* **Source data**:
::::::

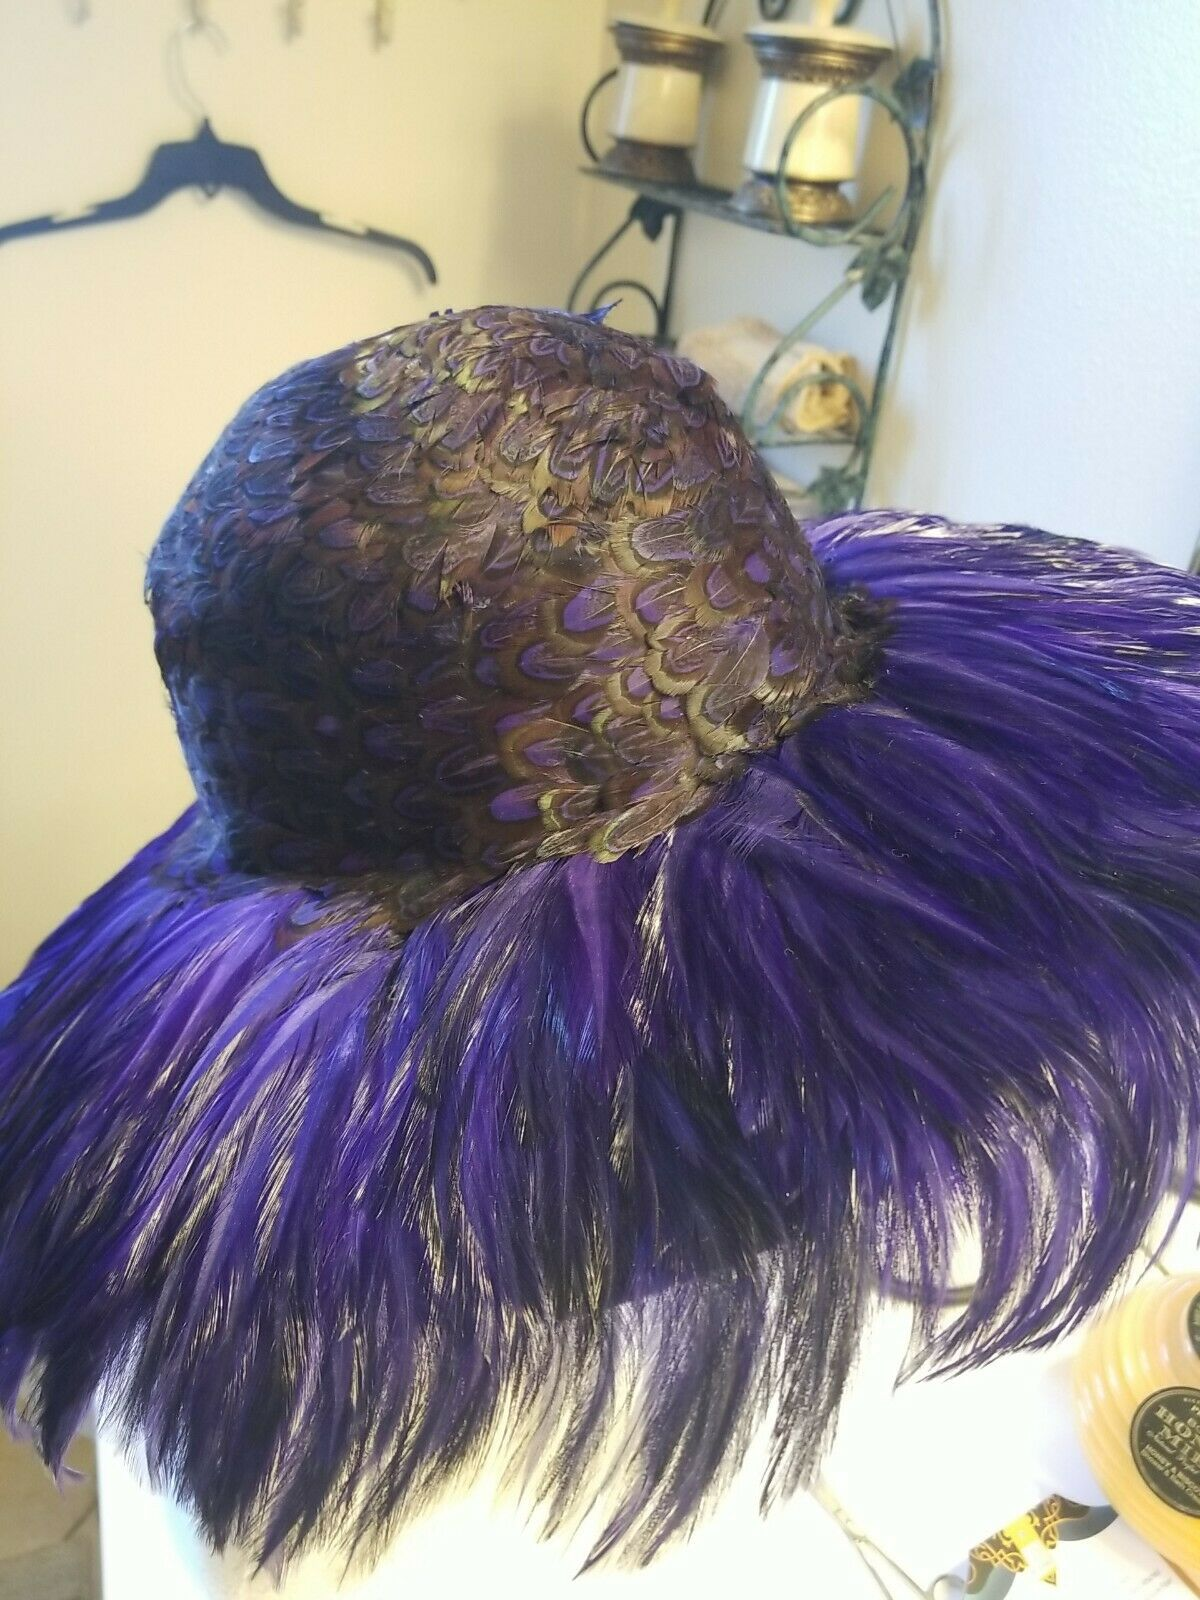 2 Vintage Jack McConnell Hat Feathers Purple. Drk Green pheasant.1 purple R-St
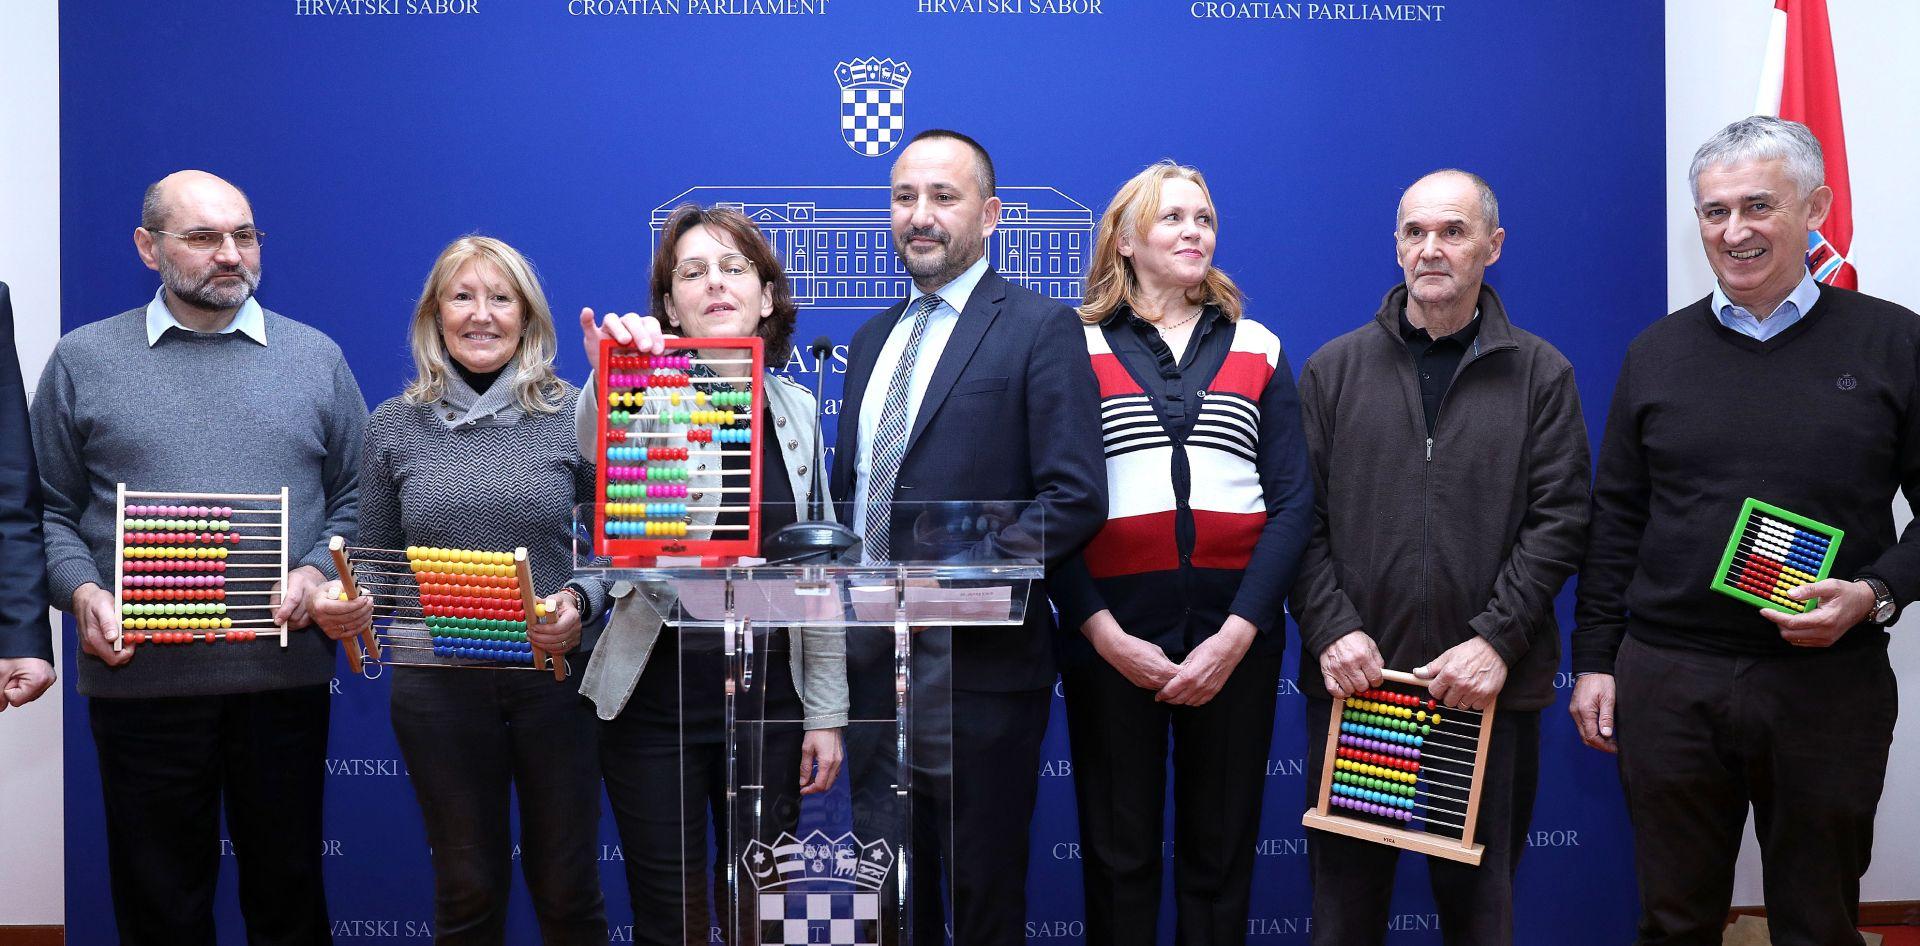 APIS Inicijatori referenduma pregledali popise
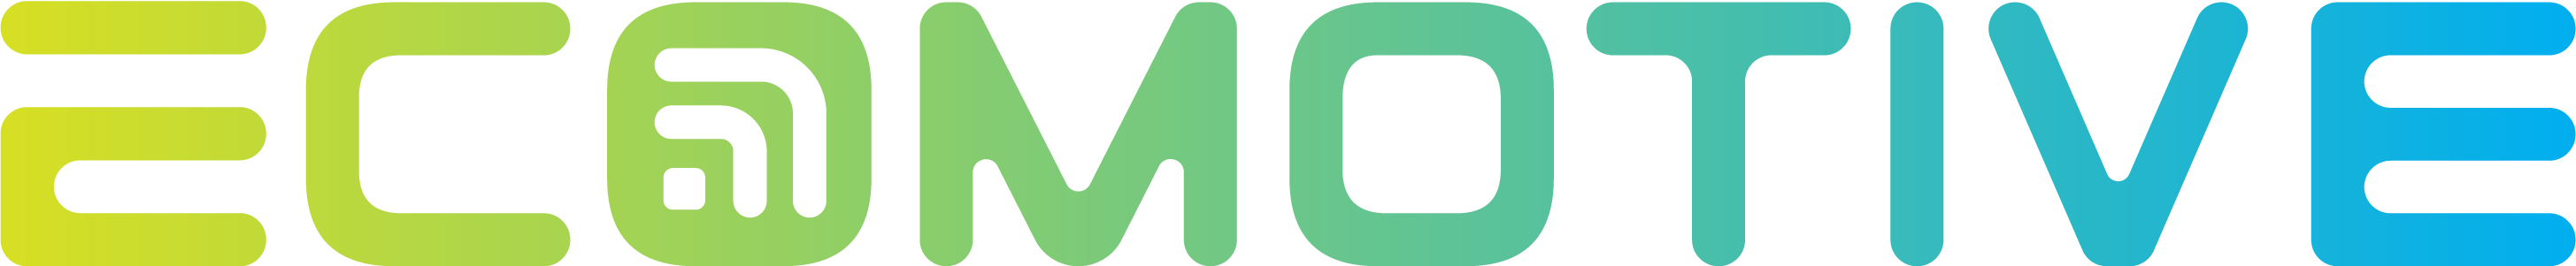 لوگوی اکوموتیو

::::::

* **Work to complete**: Write out the listing again word for word, but without its pictures.

* **Output of the exercise**:
 2 Vintage Jack McConnell Hat Feathers Purple. Drk Green pheasant.1 purple R-St
 APIS Inicijatori referenduma pregledali popise
 لوگوی اکوموتیو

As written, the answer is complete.